Now that M is in her own room H and I sleep together again, but I imagine that once this baby is born H will be on the couch again for awhile.
It worked for us, but I know it is not for everyone. I like sleeping with H now, and it if you had asked me 5 years ago, I would have said we would never sleep apart. I'm still shocked when other couples don't sleep together even though we didn't for so long.
I totally violate HIPPA in my sleep! I'll be jabbering on about my patients or something and DH will ask me the next day "hey, did so and so's pneumonia clear up or did you have to transfer him?" He thinks its hilarious when I'm looking at him like "wtf? I didn't tell you about that..."

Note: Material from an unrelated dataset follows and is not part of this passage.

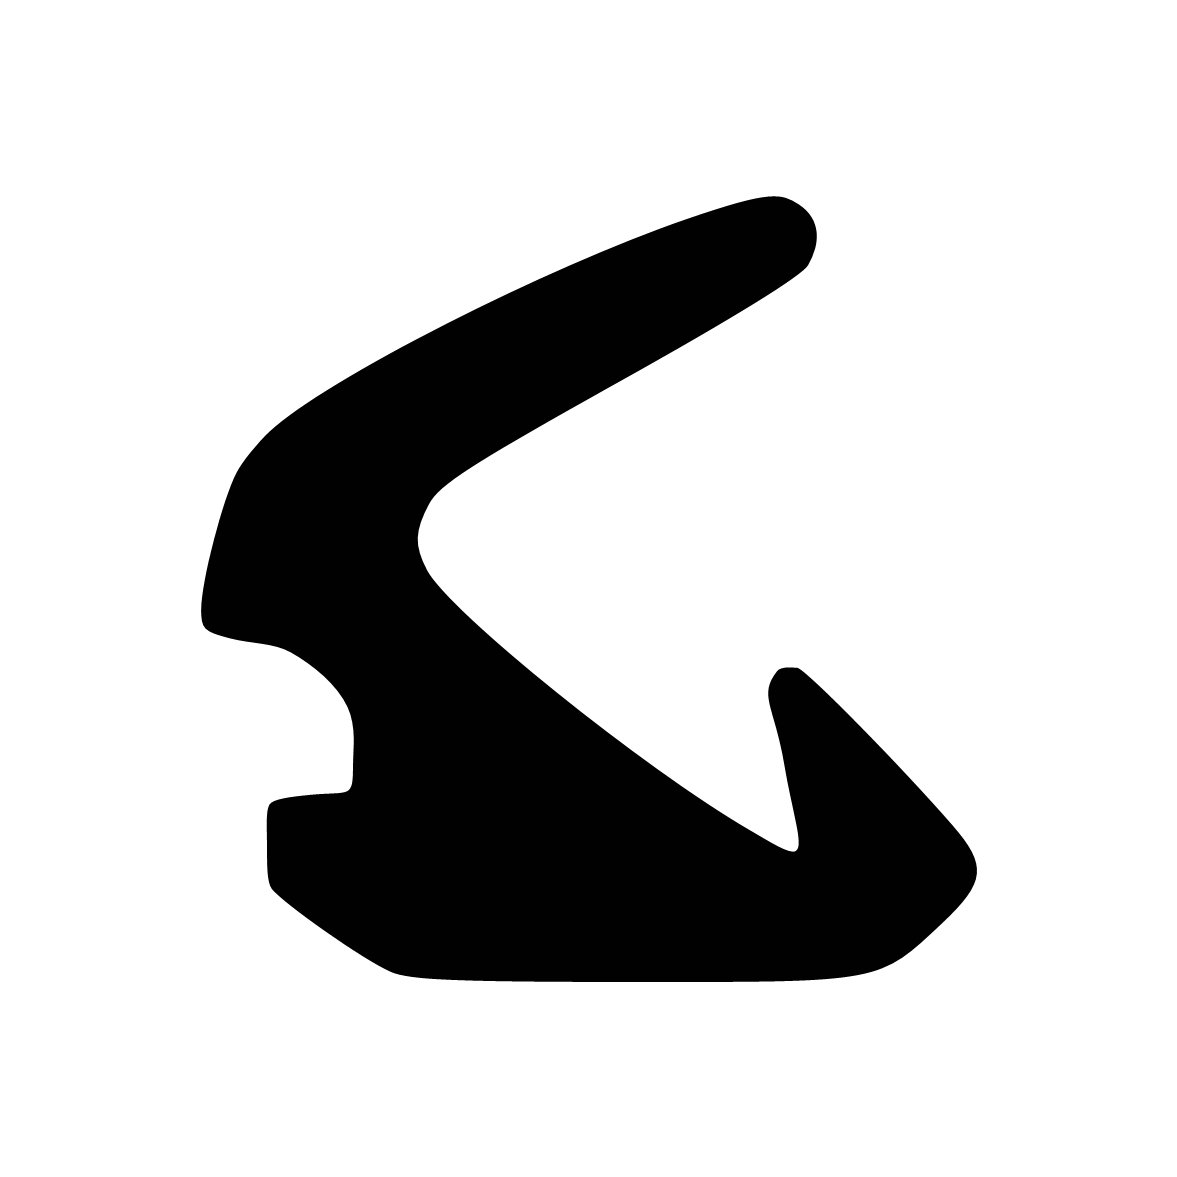 Anschlagdichtung mit Lippe und glattem Fuß | 10 mm Höhe | Farbe: schwarz 
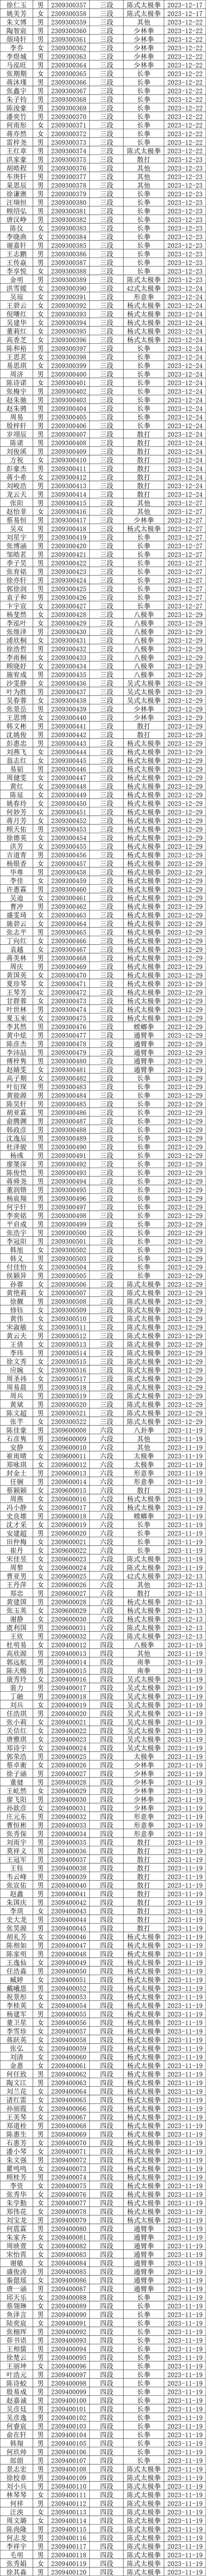 《中国武术段位制》2023年度上海市晋段人员段位号汇总表

We don't sleep in separate beds though, even though I am a restless sleeper and after over a year of deployment I'll take his loud azz snoring any day.
I'm another one of those people where, if it's gonna be a restless night, I need space. I usually wind up sleeping on the couch because our couches are comfy. Or, H will sleep on the floor - that's what he did growing up. He NEVER slept in a bed until we started dating.
While I was pregnant, the only comfortable place I could sleep was the couch, so I spent a lot of time there. Now, H and I sleep in the same bed, but it's not rare for us to sleep in two separate places.
Wow! I am glad we are not the only ones! It makes the hubs "sad" when we don't sleep together, but I think he has figured out if I can go off on my own and actually sleep then I am much more pleasant to be around the next day.
We just got a new mattress and it sure helps but...there is something very comforting about my single, girl, pre-real world bed (that is the bed in our guest room) that seems to make everything in my life so much better.
This is why we did it too. I'm much more pleasant if I don't have to wake up every hour at night!